Fedora has been applied to a wide range of purposes: for collections of texts,
collections of images, datasets, audio and video collections, as well collections
made up of combinations of these. Key to making use of Fedora for these
different purposes has been to model how to organize or model the content,
which is itself informed by what you want to do with the content. One of two
primary routes can be followed:

    A compound route – where files associated with each other in some way
     are grouped together as a single digital object so they can be easily
     referenced and delivered together. This route is more straightforward,
     but loses some of the flexibility in managing individual files.
    A complex route – where files are maintained as separate digital objects,
     and brought together through other means (e.g., through a search
     interface). This approach is the more complex of the two (hence the
     name), but provides the ability to reference and deliver individual files
     either in context or out of it depending on need.

Fedora asks you to think about this, and forces serious consideration of how the
content will be managed, both now and in the future. This can be hard, but the
effort is worthwhile and increases the likelihood of sustainability for the
collection. No one would build a physical library just to dump books within it,
care would be taken over their organisation and presentation: why would we not
do this for our digital libraries?

In Fedora 4, content is held natively as RDF rather than the XML used as the
basis of Fedora 3 and other previous versions. This shift reflects a broader
adoption of linked data as a medium for storing and managing digital content.
Use of RDF potentially adds to the complexity of how content files should be best
managed, but it also provides a way of doing so simply initially and adding other
options over time as additional links are added. In this way, RDF provides a
degree of future-proofing in how content is managed: if an alternative use for the
content is identified at some point, the way it is managed can be altered to meet
this need through construction of additional links that meet the new use case,
without wholesale change.

RDF use can influence all aspects of Fedora use. This includes the following
areas, which also form a checklist for attention when applying Fedora:

    Access/rights management – One of the great advantages of Fedora is that
     collections can be managed with variable access control. This allows
     those items that can be shared openly (e.g., open access research articles)
     to be fully accessible, whilst controlling access to those files that are
     aimed at specific audiences (e.g., at the University of Hull, past exam
     papers for students).
 Content delivery – Fedora’s flexibility presents the dilemma that any
     default end-user interface could potentially limit what Fedora can offer,
     which is based on how the content is modelled. As such, Fedora
     implementations need to include the design of an end-user interface (an
     admin interface is provided). A number of generic solutions have been
     created over time, and two major initiatives (Hydra and Islandora) have
     sought to address this. These will be described more fully later.
    Storage – When Fedora was first developed the concept of cloud storage
     was almost non-existent. Now it is everywhere. DuraSpace themselves
     offer a cloud storage solution in DuraCloud, but this is one amongst many.
     The choice of whether to use local or cloud storage, or a combination of
     both for different purposes, extends beyond how Fedora manages digital
     content. Most important is to ensure that whatever storage is selected
     Fedora can link to it.
    Collection management – Within a Fedora repository there is the ability
     to group objects together within collections. As such, an important
     component in modelling content is deciding how to manage collections
     and sub-collections as part of that model.

Fedora and preservation

Fedora has often been described as a system that can support digital
preservation – the durability that was described earlier. Fedora does indeed
offer many preservation capabilities by default, for example, creating checksums
for objects ingested. But it is the focus on durability that is key. Fedora is not a
repository system that has preservation functionality, it is a repository system
which has preservation built in to how it is designed and structured; every part
of Fedora assumes that the content will need to be managed for a long time, and
is designed accordingly. Fedora 4 has these embedded.

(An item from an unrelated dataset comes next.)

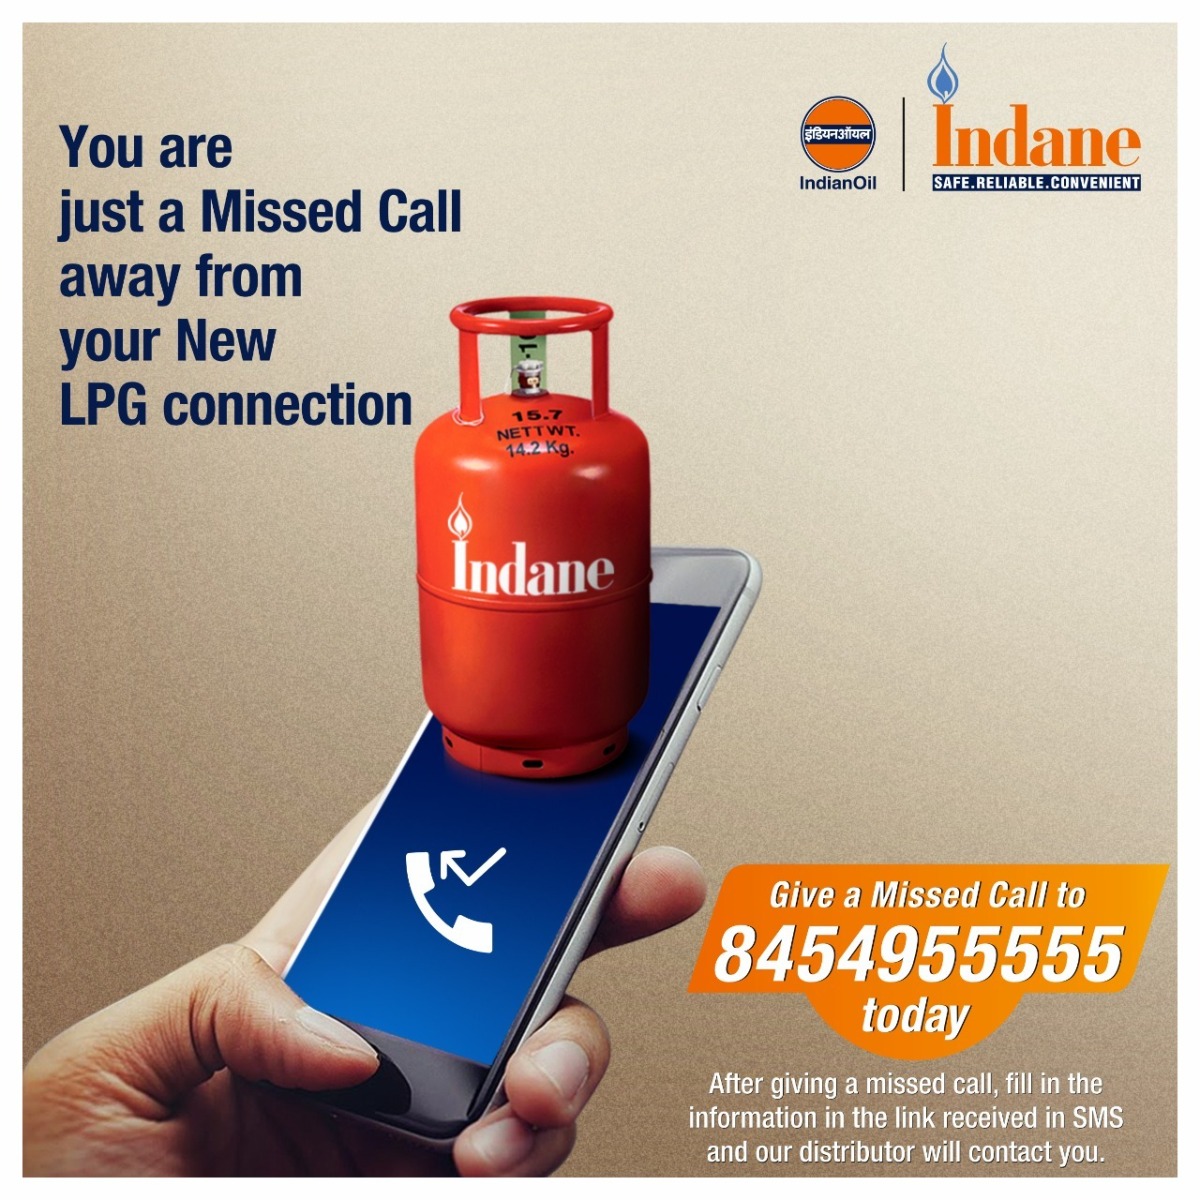 Your new #Indane LPG connection only a Missed Call away! Dial 8454955555 and get LPG connection at your doorsteps. Existing Indane customers can also book a refill by giving us a missed call from their registered phone number.

    Auditing and fixity services – to enable anything that happens to objects
     to be recorded and issues addressed.
    Advanced storage capabilities – the ability to plug in back-end stores to
     meet local storage and preservation requirements, whether locally or in
     the Cloud. The flexibility of being able to define policies as to where
     material gets stored, helping to address preservation policy. The
     reassurance of self-healing copies if content is corrupted.
    Projection – the ability to apply repository management across remote
     systems without specific deposit into the repository.
    RDF native – This has already been mentioned, but is particularly of
     relevance to preservation, as all data is stored in a way that enables its re-
     use in the future.

Being RDF native, and standards compliant generally, provides a demonstration
of one of the reasons why Hull originally saw Fedora as a valuable long term
development platform for our repository. The other reasons also encapsulate
this: the ability to scale up, to be content agnostic, and to understand the
connection between related items to preserve meaning. Fedora can, of course,
also make use of web-based preservation services either remotely (e.g., the
PRONOM format registry at The National Archives) or locally (e.g., a local
installation of JHOVE or equivalent for format profiling) through its APIs.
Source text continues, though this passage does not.